(Saved data entries)
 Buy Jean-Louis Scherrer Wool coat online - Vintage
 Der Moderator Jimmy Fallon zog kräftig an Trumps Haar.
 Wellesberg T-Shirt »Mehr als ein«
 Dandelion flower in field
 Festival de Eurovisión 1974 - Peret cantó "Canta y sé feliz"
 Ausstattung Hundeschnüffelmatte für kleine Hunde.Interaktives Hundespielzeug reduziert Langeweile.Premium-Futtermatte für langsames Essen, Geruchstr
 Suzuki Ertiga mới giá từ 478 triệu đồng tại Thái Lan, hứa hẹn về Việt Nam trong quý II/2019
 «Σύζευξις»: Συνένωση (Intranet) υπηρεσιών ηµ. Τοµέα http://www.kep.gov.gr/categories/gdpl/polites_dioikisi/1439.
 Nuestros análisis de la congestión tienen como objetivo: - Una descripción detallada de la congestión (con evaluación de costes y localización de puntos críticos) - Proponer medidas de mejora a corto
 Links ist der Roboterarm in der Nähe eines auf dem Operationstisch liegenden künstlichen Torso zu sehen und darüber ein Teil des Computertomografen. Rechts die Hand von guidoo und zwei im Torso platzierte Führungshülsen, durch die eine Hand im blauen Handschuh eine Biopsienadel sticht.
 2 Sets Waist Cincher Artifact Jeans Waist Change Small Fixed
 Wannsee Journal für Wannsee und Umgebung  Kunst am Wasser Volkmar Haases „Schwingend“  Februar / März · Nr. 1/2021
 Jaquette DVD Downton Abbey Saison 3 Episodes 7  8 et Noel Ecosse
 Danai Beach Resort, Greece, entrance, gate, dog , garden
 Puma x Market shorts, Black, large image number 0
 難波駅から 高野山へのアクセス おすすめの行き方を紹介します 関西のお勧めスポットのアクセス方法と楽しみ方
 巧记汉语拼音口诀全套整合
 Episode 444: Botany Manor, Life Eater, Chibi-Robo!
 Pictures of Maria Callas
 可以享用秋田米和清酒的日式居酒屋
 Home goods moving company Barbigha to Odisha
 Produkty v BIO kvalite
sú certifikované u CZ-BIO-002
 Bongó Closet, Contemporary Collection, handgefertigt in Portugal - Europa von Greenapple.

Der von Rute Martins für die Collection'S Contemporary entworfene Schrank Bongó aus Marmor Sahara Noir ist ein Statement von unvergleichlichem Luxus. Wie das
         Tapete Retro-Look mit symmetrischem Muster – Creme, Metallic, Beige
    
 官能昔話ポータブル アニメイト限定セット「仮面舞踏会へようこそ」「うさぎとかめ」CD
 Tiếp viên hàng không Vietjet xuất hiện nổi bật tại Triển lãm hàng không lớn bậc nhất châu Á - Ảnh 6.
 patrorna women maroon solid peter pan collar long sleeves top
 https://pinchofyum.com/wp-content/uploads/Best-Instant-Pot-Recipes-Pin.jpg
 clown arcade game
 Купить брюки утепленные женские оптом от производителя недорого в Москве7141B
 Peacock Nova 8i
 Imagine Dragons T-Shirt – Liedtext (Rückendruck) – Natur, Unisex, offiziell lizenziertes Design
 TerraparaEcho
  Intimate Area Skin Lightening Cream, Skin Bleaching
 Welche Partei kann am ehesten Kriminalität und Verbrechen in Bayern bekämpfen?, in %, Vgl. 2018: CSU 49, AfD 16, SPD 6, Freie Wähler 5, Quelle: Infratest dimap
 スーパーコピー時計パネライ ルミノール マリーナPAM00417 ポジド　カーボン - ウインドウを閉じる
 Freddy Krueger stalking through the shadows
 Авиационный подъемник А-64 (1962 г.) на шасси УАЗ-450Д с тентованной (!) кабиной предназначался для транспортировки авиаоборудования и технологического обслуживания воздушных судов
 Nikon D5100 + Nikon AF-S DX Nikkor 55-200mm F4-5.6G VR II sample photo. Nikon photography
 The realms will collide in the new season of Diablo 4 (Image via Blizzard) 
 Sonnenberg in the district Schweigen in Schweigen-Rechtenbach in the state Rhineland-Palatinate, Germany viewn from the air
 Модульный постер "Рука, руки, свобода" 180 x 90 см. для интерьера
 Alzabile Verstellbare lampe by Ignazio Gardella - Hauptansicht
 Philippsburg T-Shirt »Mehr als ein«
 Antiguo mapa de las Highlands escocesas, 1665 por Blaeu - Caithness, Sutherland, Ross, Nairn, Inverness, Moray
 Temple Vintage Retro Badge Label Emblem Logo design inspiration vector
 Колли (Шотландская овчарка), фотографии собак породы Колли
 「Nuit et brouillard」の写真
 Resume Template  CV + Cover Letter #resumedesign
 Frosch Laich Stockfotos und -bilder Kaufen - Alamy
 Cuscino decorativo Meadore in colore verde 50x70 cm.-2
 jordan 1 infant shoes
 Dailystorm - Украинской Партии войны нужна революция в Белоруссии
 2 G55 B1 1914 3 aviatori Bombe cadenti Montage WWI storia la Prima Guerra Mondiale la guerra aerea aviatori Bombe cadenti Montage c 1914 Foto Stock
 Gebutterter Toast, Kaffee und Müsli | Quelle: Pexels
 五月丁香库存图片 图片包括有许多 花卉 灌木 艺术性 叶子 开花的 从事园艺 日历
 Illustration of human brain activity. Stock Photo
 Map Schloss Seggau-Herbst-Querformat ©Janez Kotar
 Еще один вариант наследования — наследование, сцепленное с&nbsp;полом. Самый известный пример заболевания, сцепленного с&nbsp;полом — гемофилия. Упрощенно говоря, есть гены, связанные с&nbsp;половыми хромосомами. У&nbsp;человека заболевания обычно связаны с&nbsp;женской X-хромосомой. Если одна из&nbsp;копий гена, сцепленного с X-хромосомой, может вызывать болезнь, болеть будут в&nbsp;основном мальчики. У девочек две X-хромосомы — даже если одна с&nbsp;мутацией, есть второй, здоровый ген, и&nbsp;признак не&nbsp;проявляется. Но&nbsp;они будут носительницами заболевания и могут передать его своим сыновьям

ACTION ITEM => Count the lines in the records above that contain "Quelle". Reply with the number only.

SOLUTION => 2